Clarke mentioned that he was inspired by British poet and writer Geoffrey Chaucer's The Canterbury Tales, a collection of twenty-four stories that runs to over 17,000 lines written in Middle English and its "non-traditional" usage. He also noted that "[his] main concern was to find a language, or to more strictly use the language [he] already knew, in such a way that it become, in [his] manipulation of it, a new language." Clarke said that he intended to "creolize Oxford English".

One of the narratives of the novel is based on a real life incident in Clarke's life, which he describes as "first confrontations with racism". Clarke experienced racism while travelling from Barbados to Little England, Canada with the Trans-Canada Air Lines in September 1955. He narrated the incident as the journey told by Mary-Mathilda, the leading character of the novel, who is travelling from Miami to Buffalo. The novel was later translated into Dutch by publishing house, De Geus.

In 2005, when Clarke read De Inventione, an Italian handbook by Marcus Tullius Cicero, he noted that if he had known about it while writing the novel, "[he] might very well have drawn the characters of Mary-Mathilda; her son, Wilberforce; Sergeant; and the Constable; to say nothing of Mr. Bellfeels; in sharper poignancy and focus". In the handbook, Cicero mentions that "We hold the following to be the attributes of persons: name, nature, manner of life, fortune, habit, interests, purposes, achievements, accidents, conversation."

In September 2022, Dundurn Press released a twentieth anniversary edition of the novel with a foreword by Rinaldo Walcott.

== Reception and awards ==
The novel won the 2002 Scotiabank Giller Prize adjudged by Barbara Gowdy, Thomas King, and W. H. New while being shortlisted along with Mount Appetite (by Bill Gaston), The Navigator of New York (by Wayne Johnston), Open (by Lisa Moore), and Unless (by Carol Shields). It also won the 2003 Commonwealth Writers' Prize for Canada and the Caribbean region and 2003 Trillium Book Award.

Upon publication, the novel received mostly favourable reviews with some criticism.

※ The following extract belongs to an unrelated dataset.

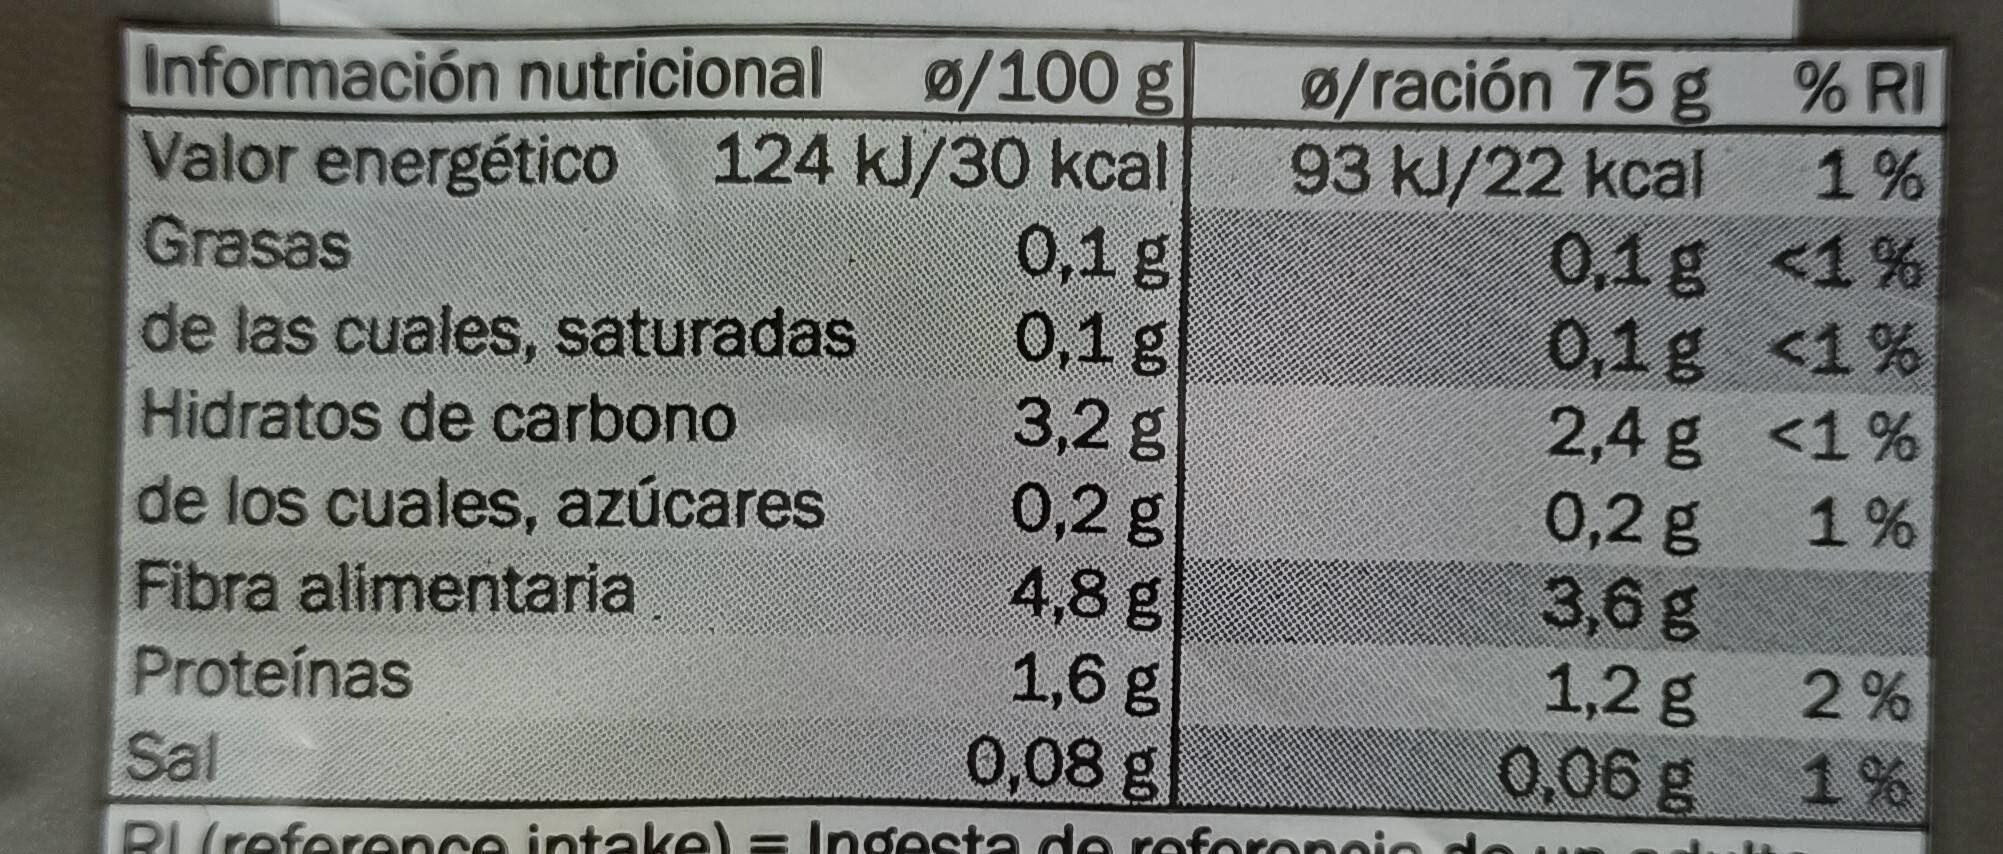 Deluxe - Informació nutricional - es
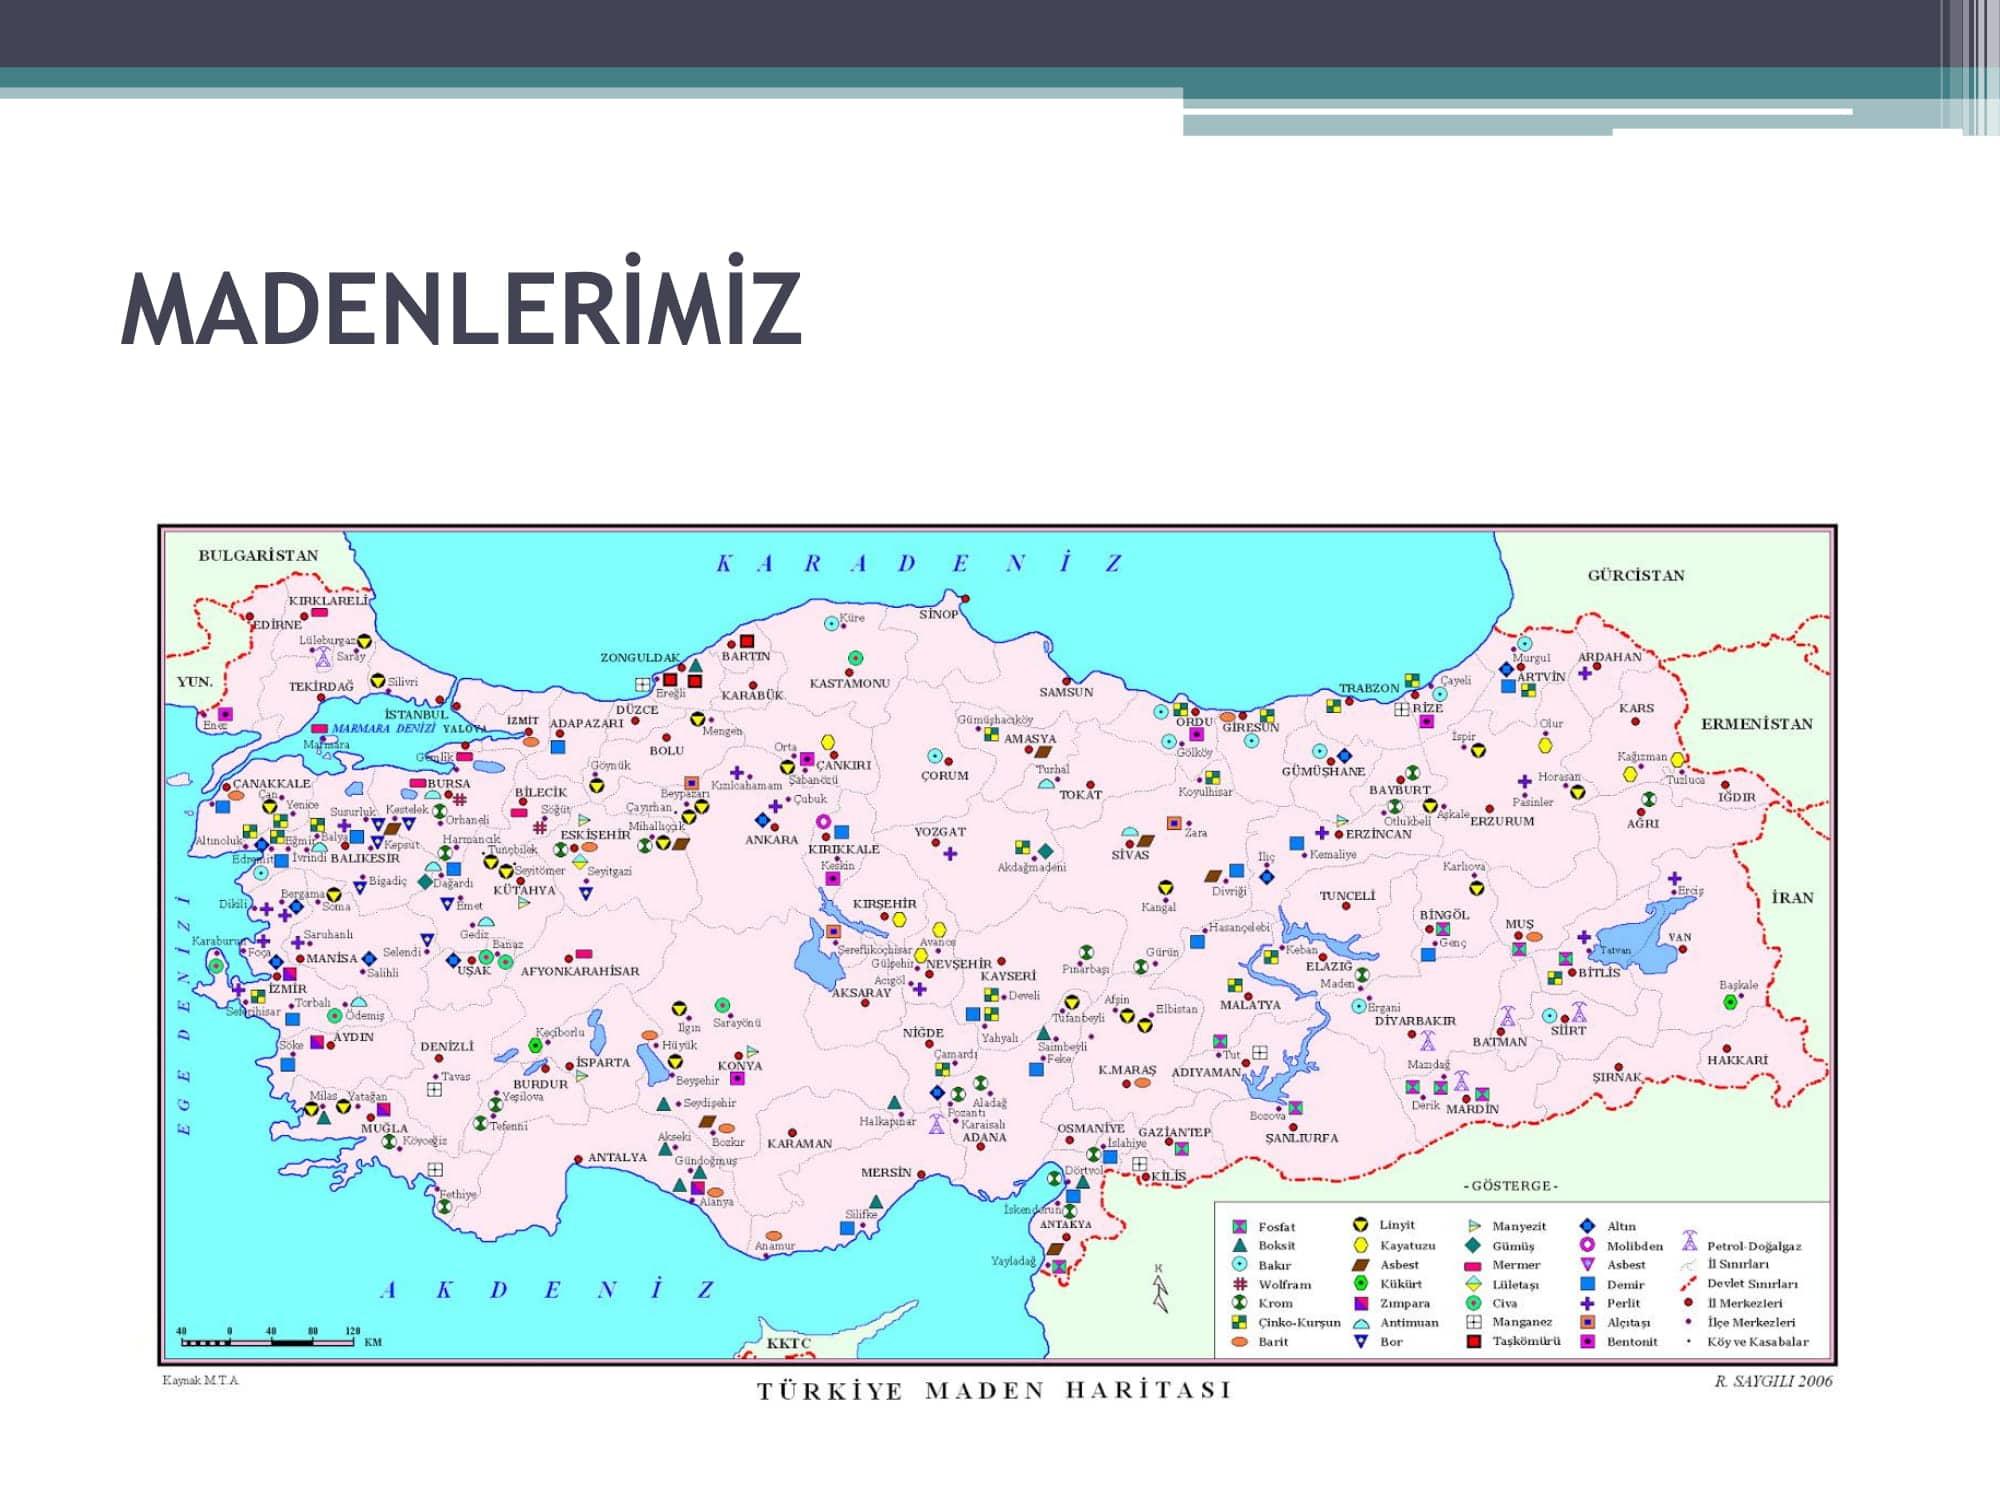 maden haritası

Kirkus Reviews appreciated the novel as "a memorable landscape of oppression but a problematic central figure". While Ihsan Taylor of The New York Times noted that "There's a mesmerizing stillness to Austin Clarke's latest novel", British writer Maya Jaggi mentions in her The Guardian review that the "[novel]'s meandering orality, its slow-burning power, succeed movingly in asserting memory over the silent gaps in recorded history." Another British novelist Naeem Murr criticised Clarke for losing confidence in his characters and for forcing them deliver sociological truths but appreciates the "brilliantly written dialogue". Craig Taylor in his Quill & Quire review called the novel as "a wonderful book to meander" and mentioned that "it adheres to the slow pace of the life it describes and allows characters room to become memorable." Jeffrey Brown of PBS noted in an interview with Clarke: "There is a mix in your book of a kind of... I would call it almost a high poetic language, a very formal language, and then a dialect, the way they would talk to each other."